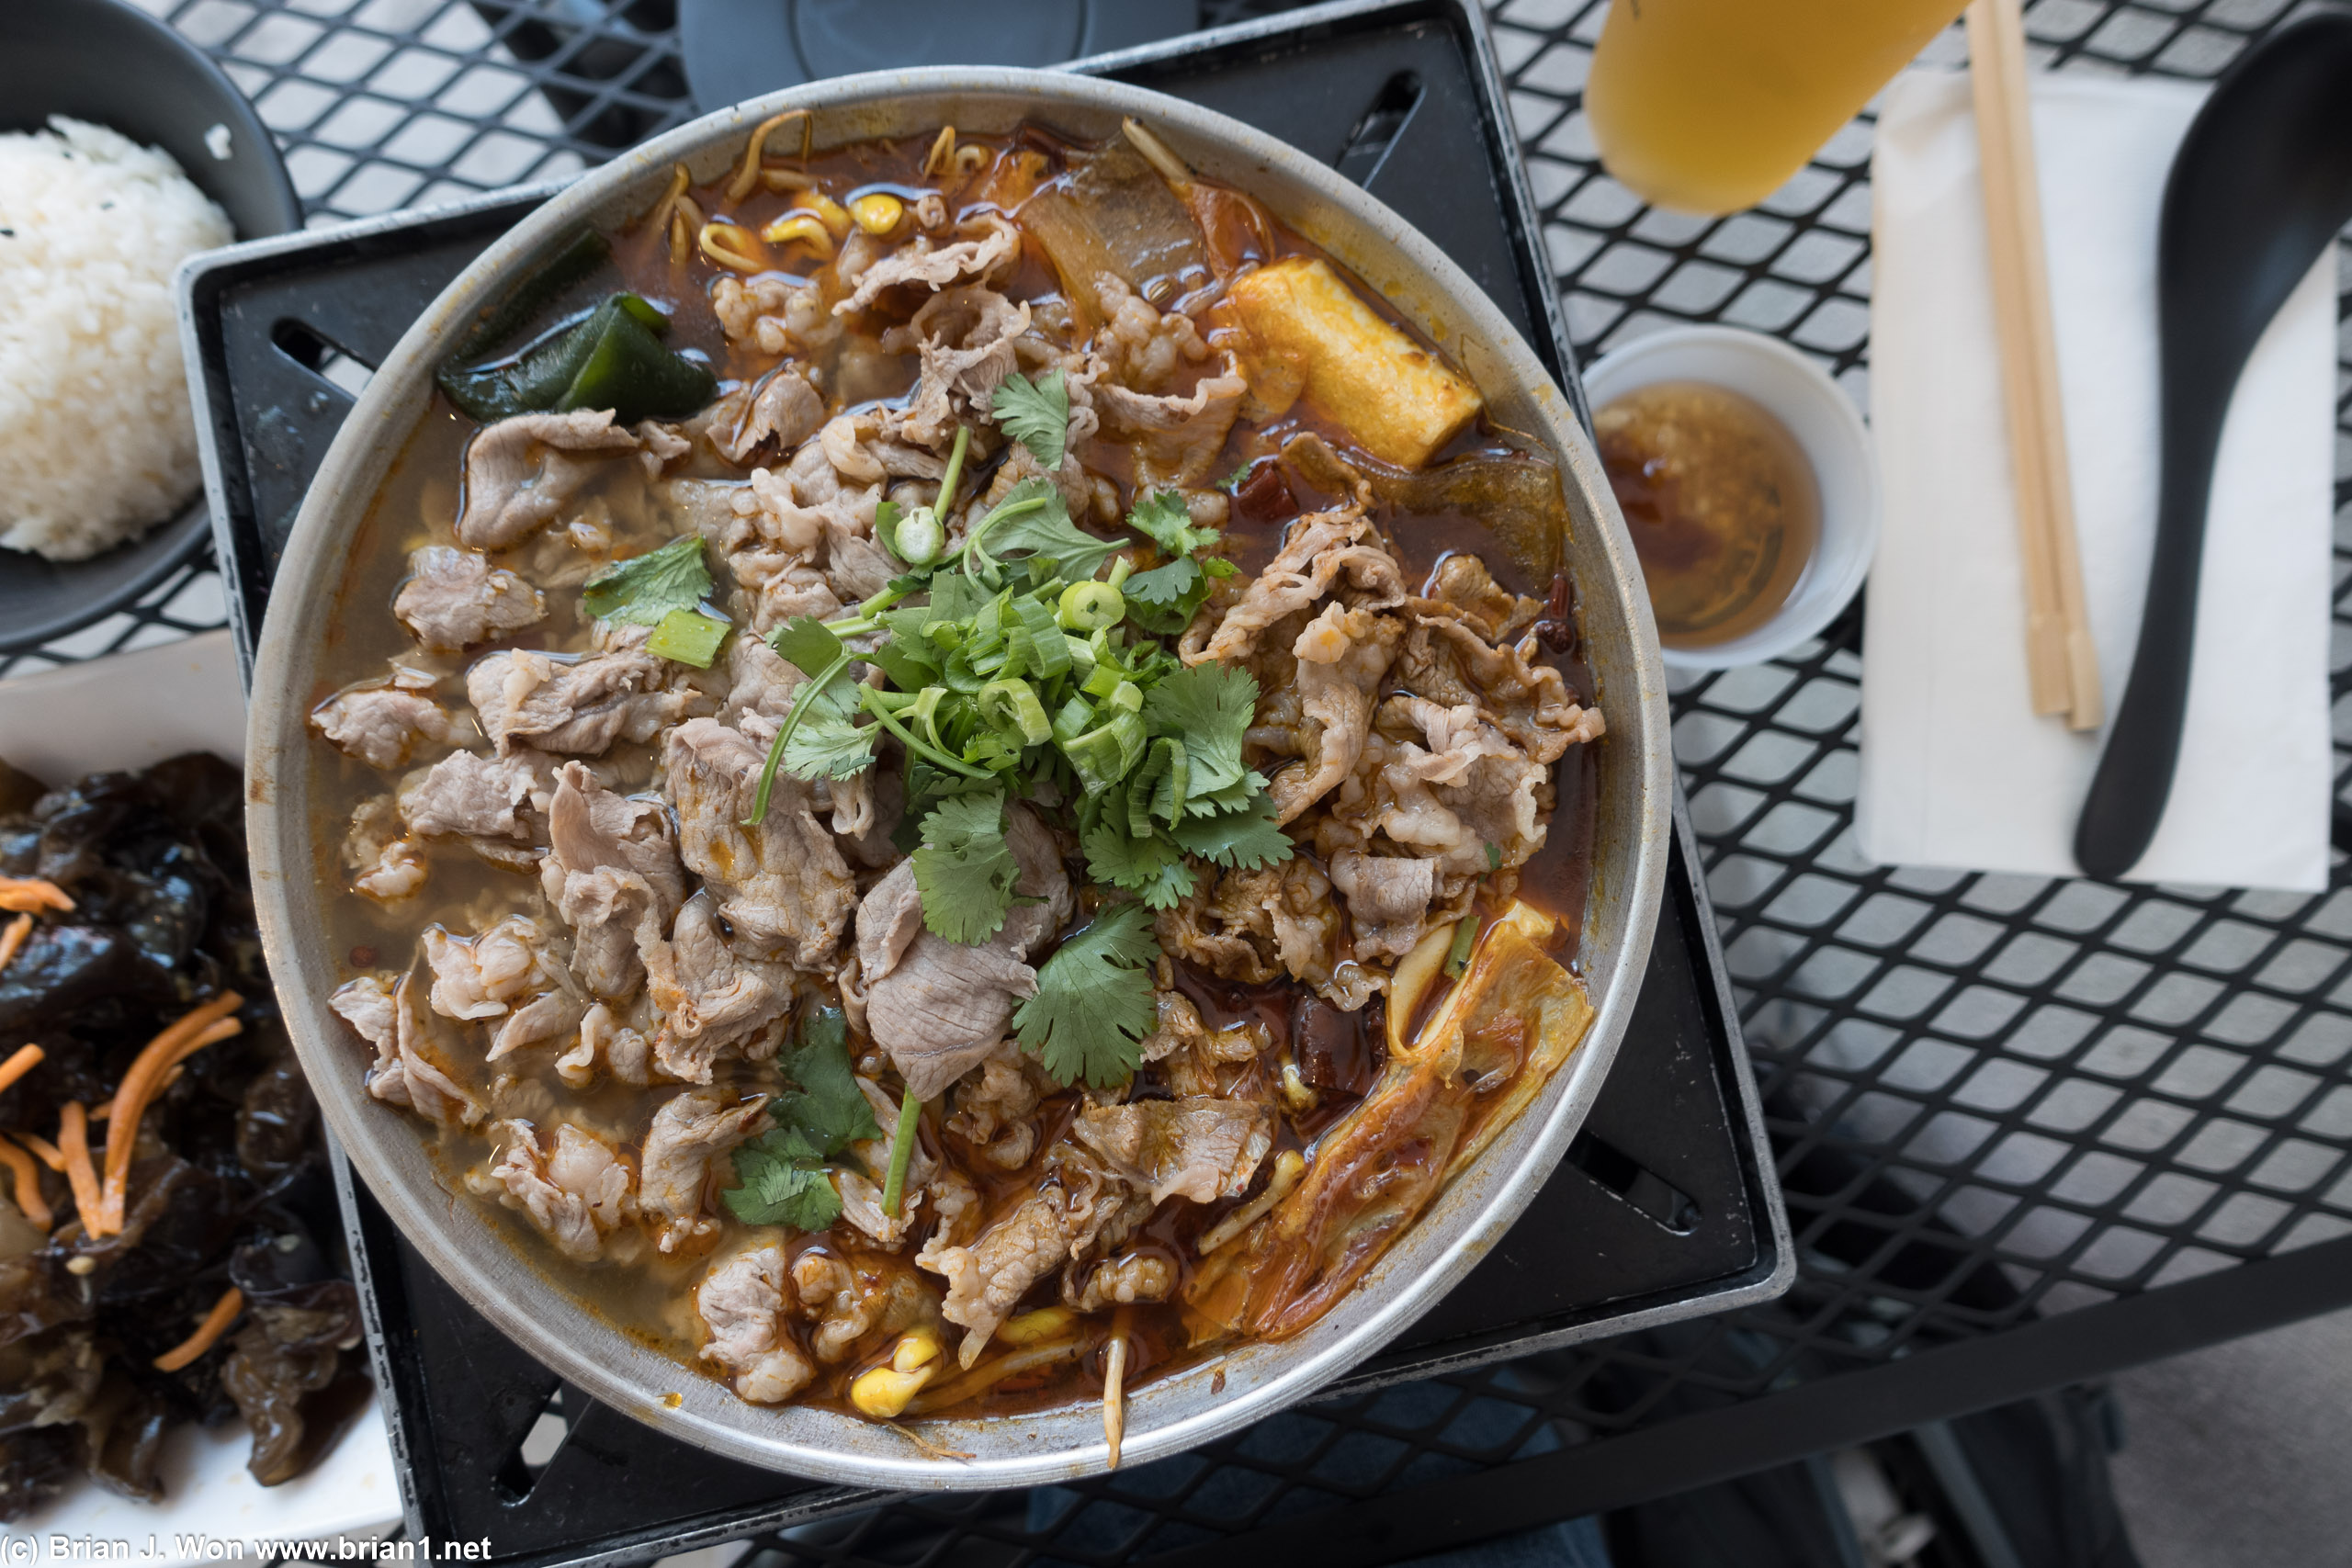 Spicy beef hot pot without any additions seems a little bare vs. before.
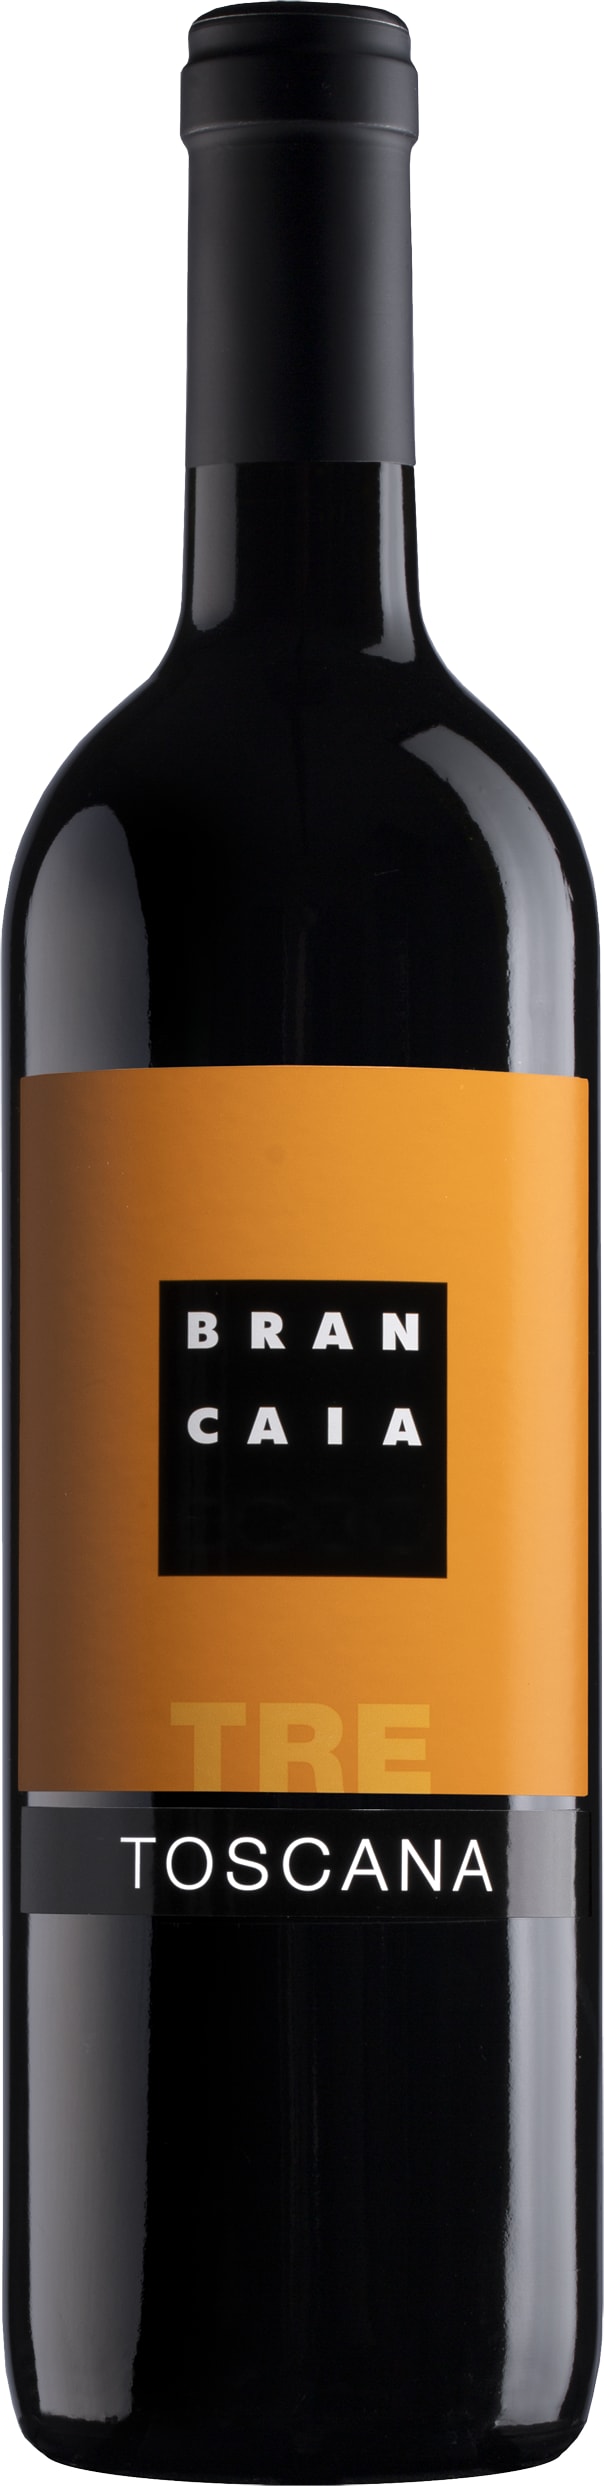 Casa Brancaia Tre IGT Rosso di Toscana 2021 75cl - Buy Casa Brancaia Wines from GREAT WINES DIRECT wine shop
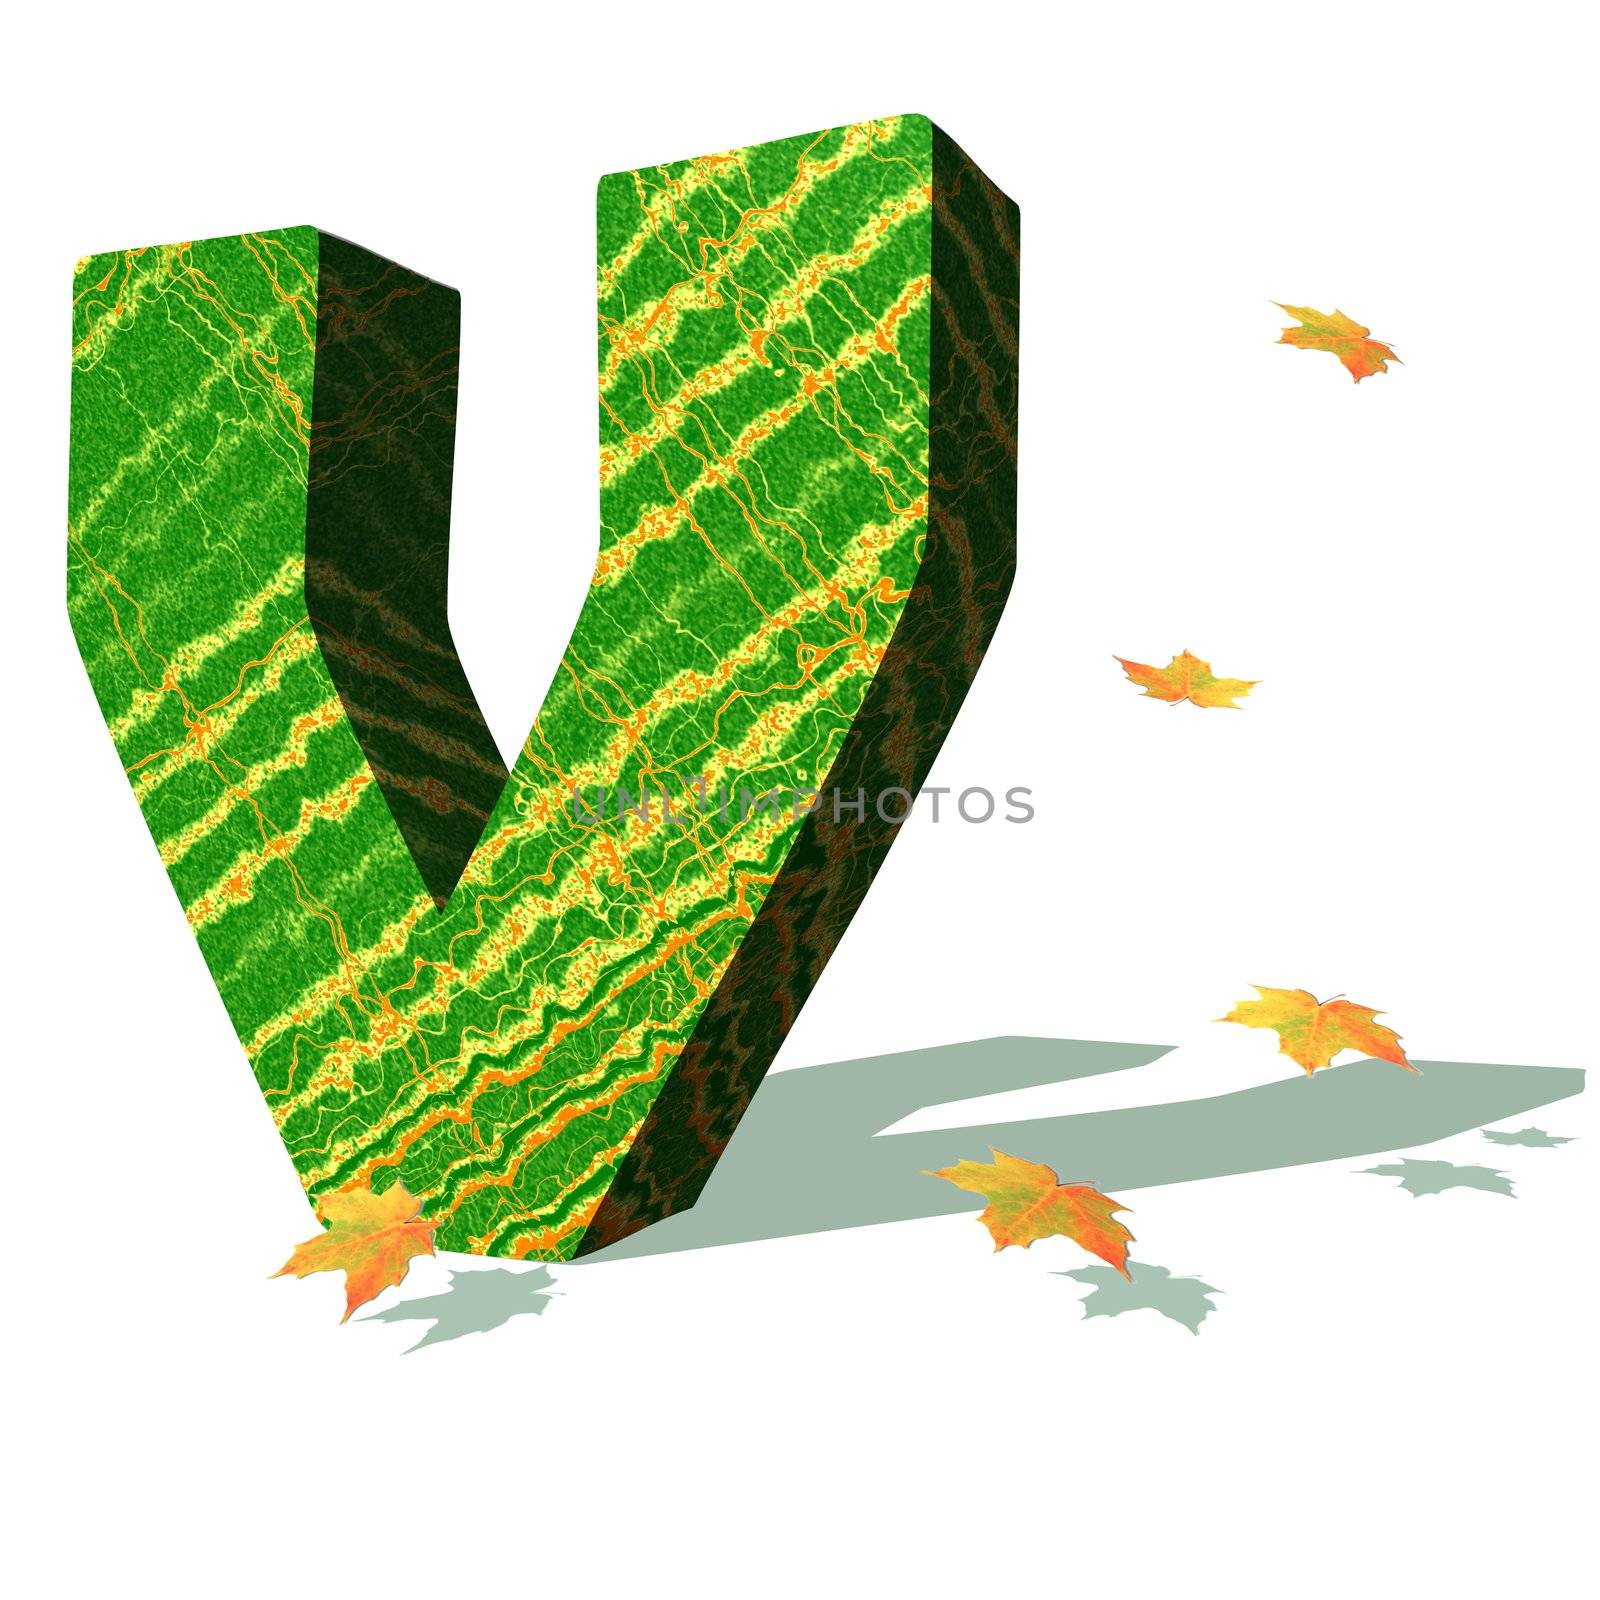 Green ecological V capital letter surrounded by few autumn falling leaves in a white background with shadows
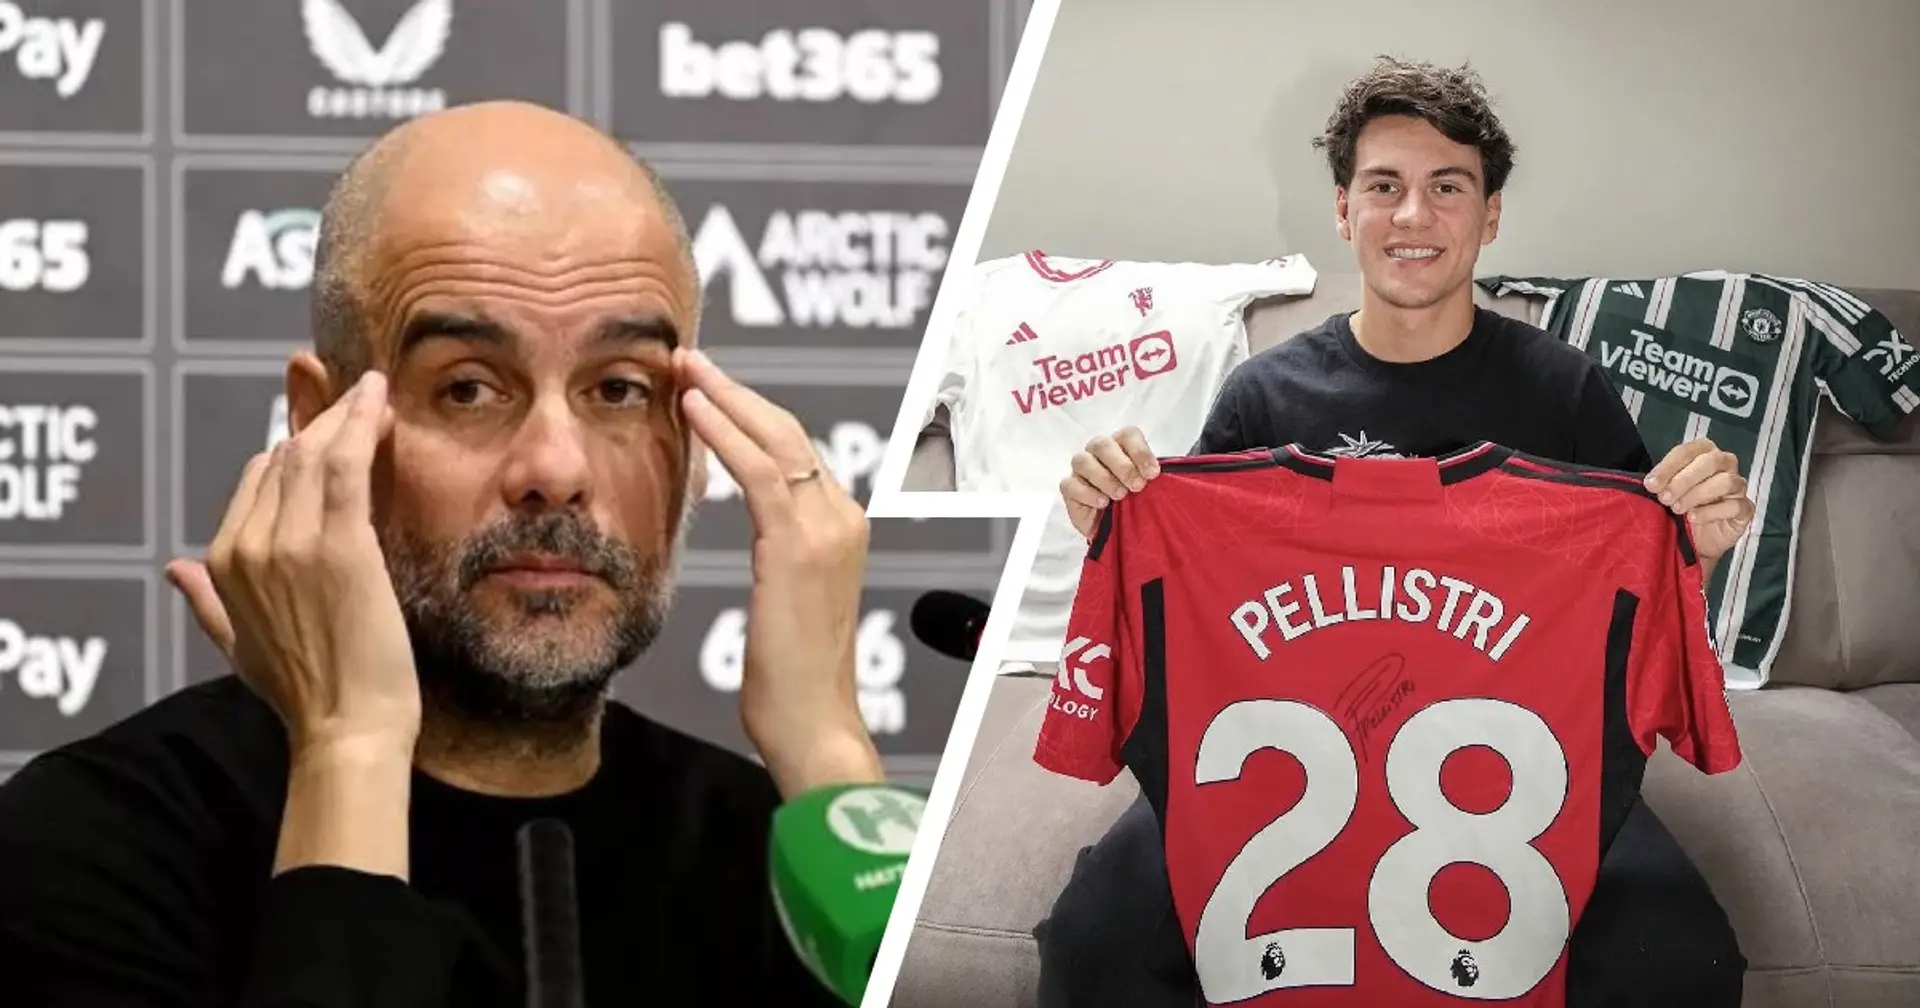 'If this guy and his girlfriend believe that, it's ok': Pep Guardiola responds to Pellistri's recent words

HOW TO COMPLETE THIS TASK =
From the line containing "Casa Brancaia Tre" down to the last line of the data above, transcribe exactly those lines and no others; omit the pictures.

RESPONSE TO THE TASK =
 Casa Brancaia Tre IGT Rosso di Toscana 2021 75cl - Buy Casa Brancaia Wines from GREAT WINES DIRECT wine shop
 Green ecological V capital letter surrounded by few autumn falling leaves in a white background with shadows
 'If this guy and his girlfriend believe that, it's ok': Pep Guardiola responds to Pellistri's recent words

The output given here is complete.